*** Opening Data segment ***

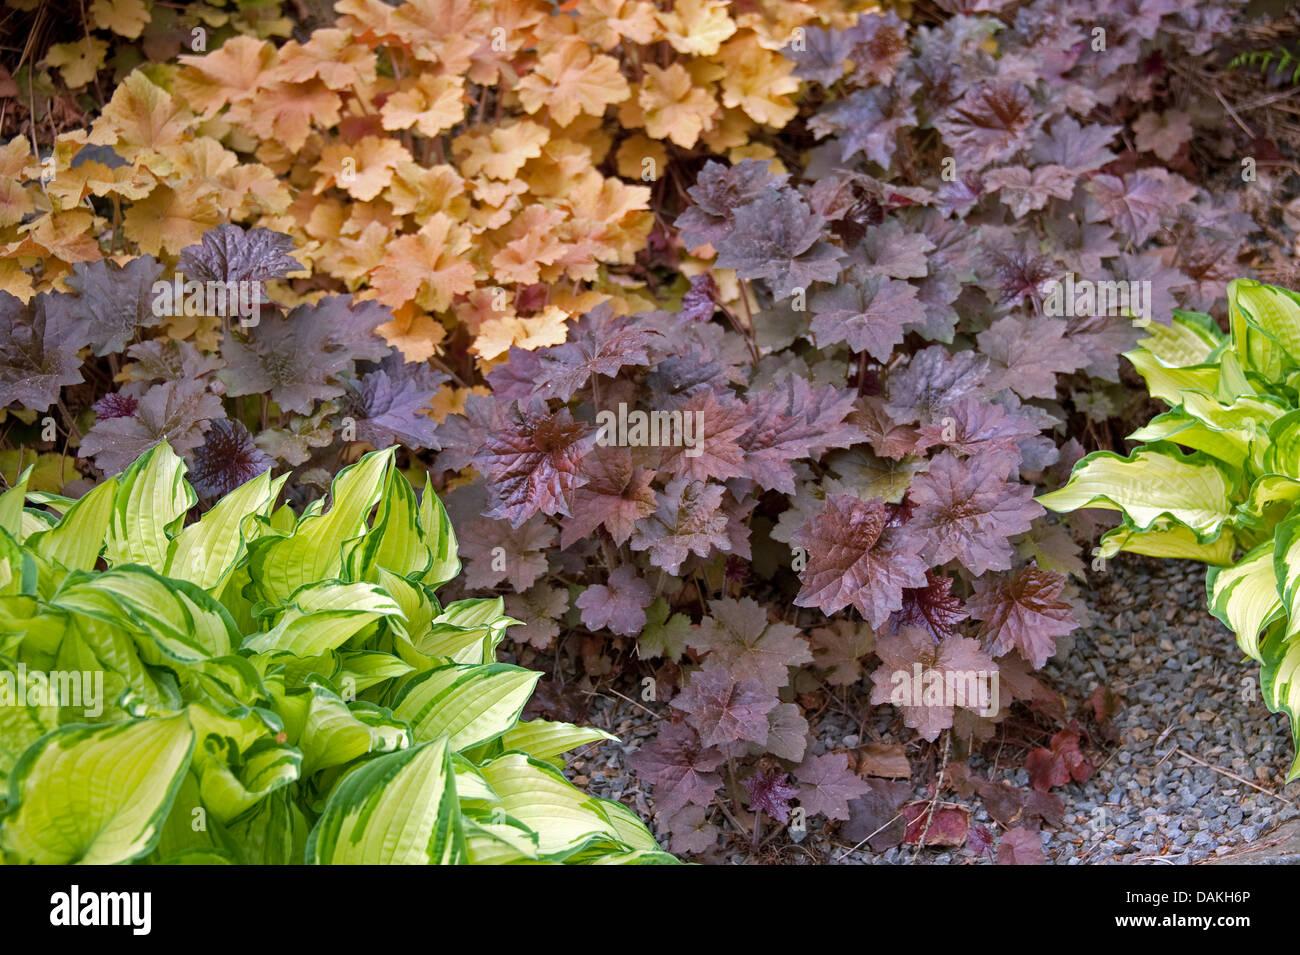 Heuchera  (Heuchera 'Palace Purple', Heuchera Palace Purple), cultivar Palace Purple - Stock Image
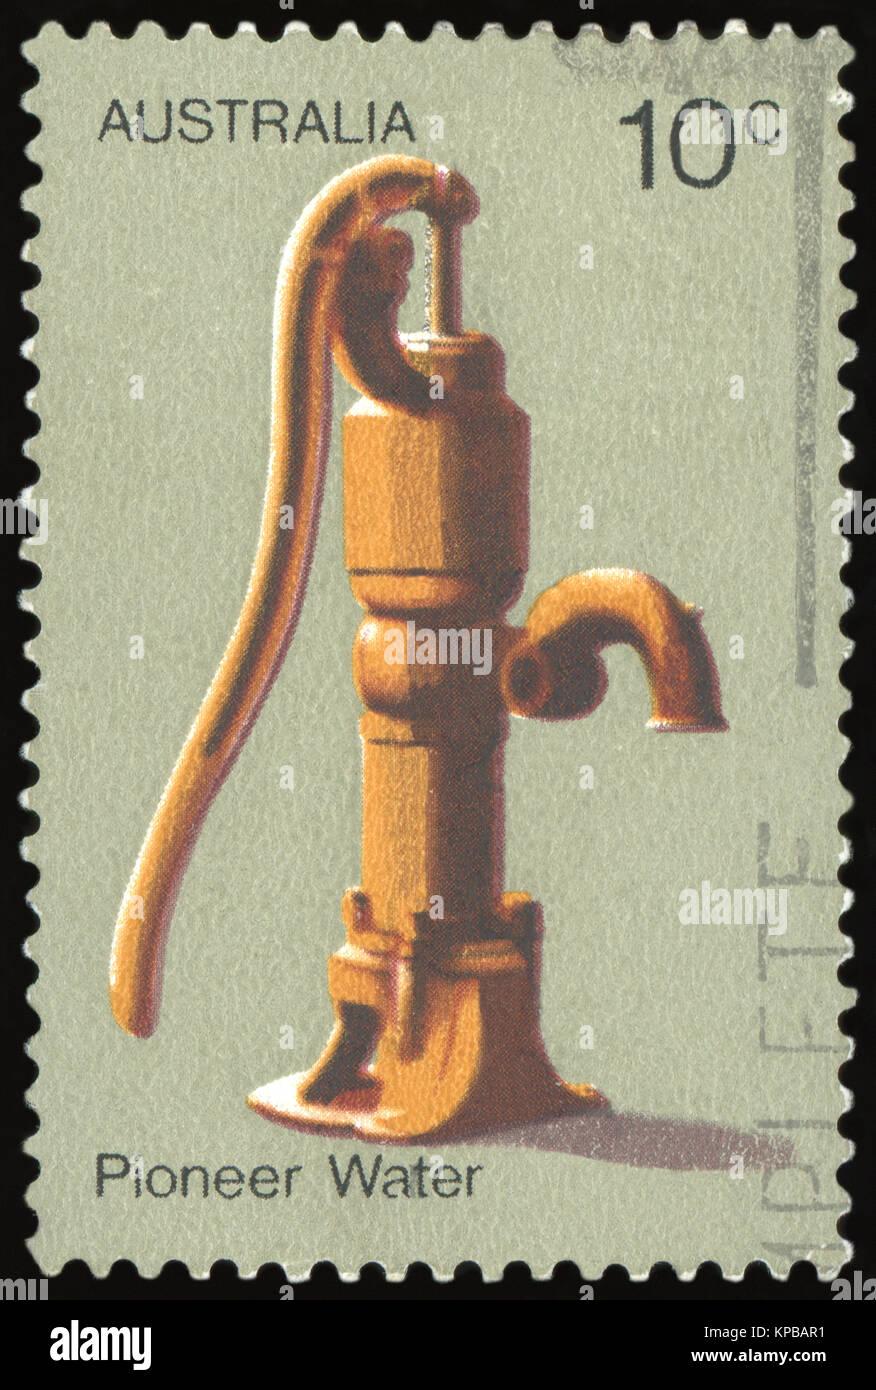 AUSTRALIA - CIRCA 1972: a stamp printed in the Australia shows Water Pump, Australian Pioneer Life, circa 1972 - Stock Image
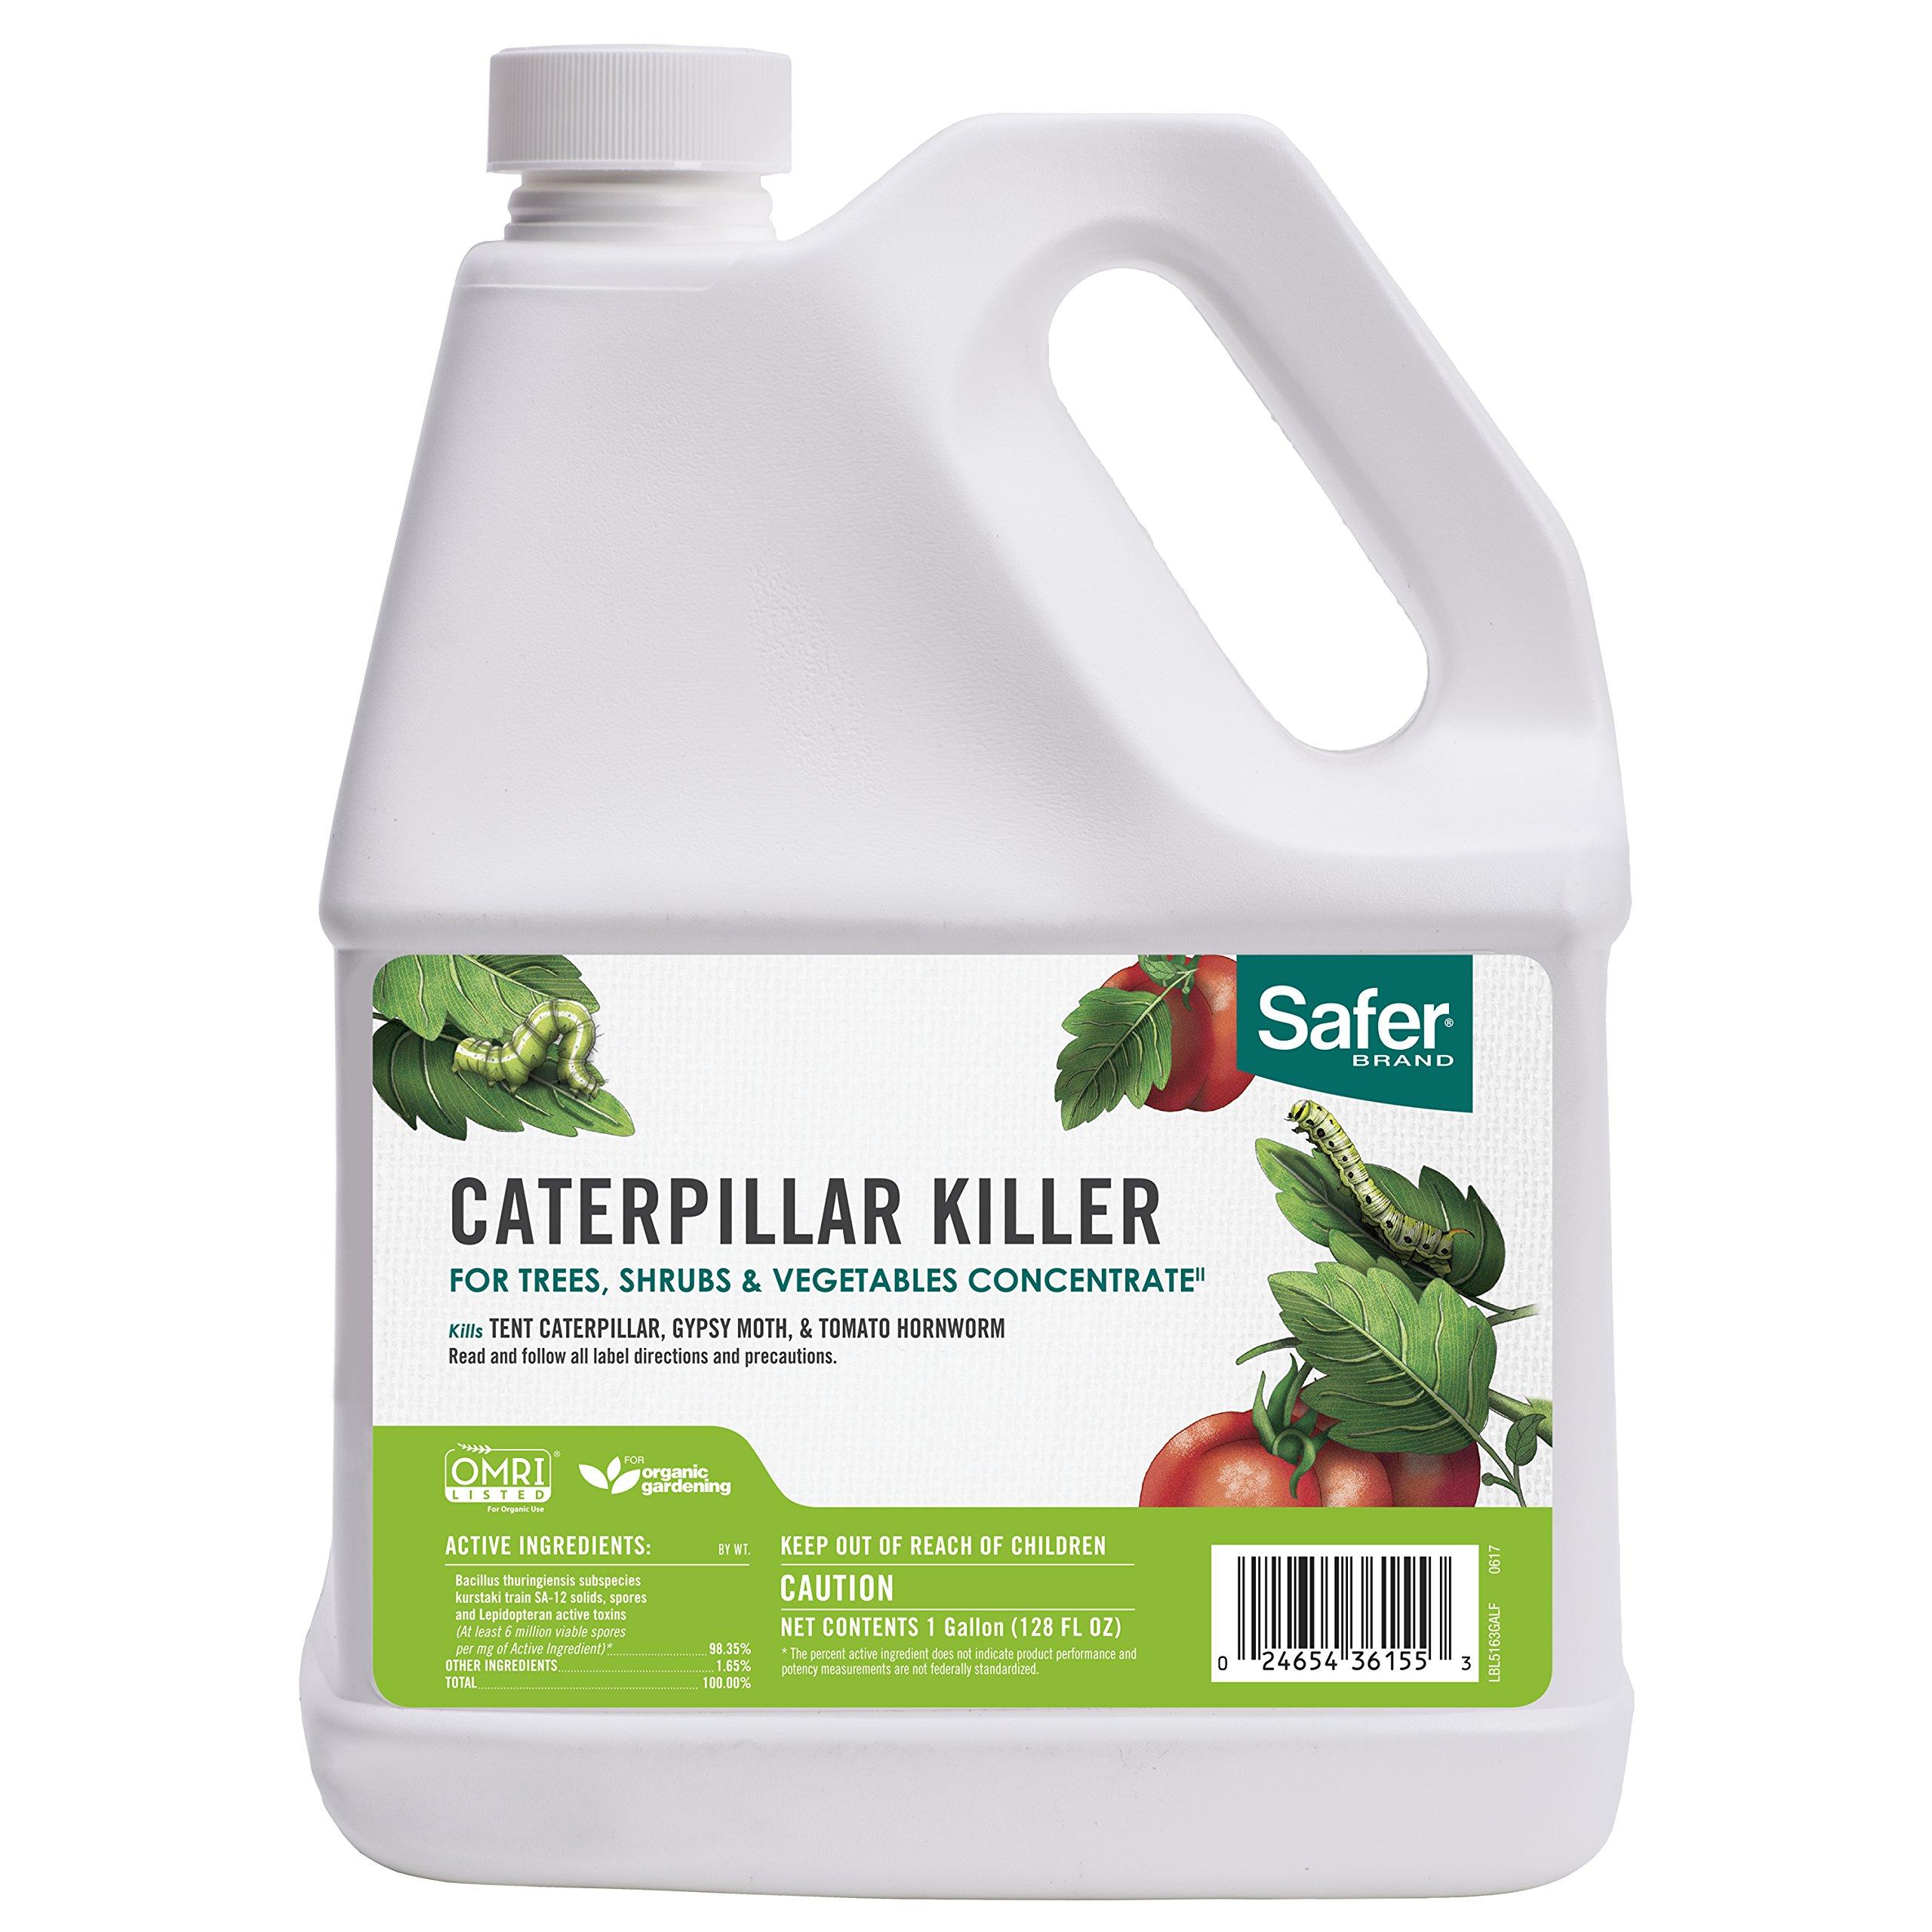 Safer Brand Caterpillar Killer Concentrate 1gal - 4 pack 5160GAL
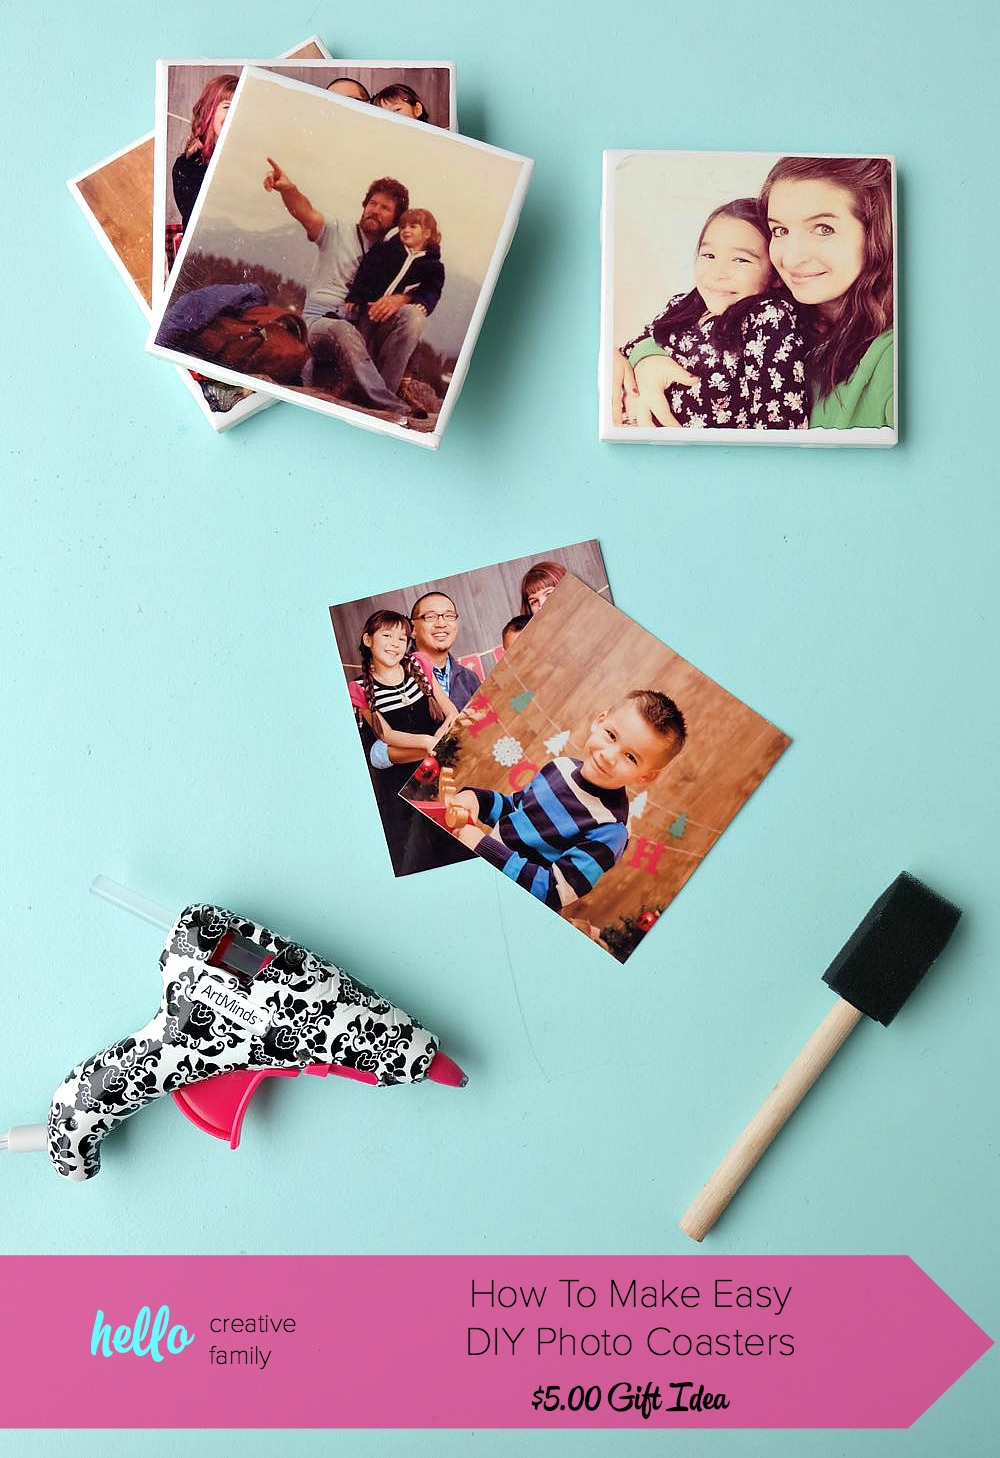 50 Easy Handmade Gift Ideas You'll Love: Easy DIY Photo Coasters

*** Closing Data segment ***

Assignment | Give back the whole listing exactly as it stands. No pictures belong in the copy.

Answer to this task |
 Heuchera  (Heuchera 'Palace Purple', Heuchera Palace Purple), cultivar Palace Purple - Stock Image
 AUSTRALIA - CIRCA 1972: a stamp printed in the Australia shows Water Pump, Australian Pioneer Life, circa 1972 - Stock Image
 Safer Brand Caterpillar Killer Concentrate 1gal - 4 pack 5160GAL
 50 Easy Handmade Gift Ideas You'll Love: Easy DIY Photo Coasters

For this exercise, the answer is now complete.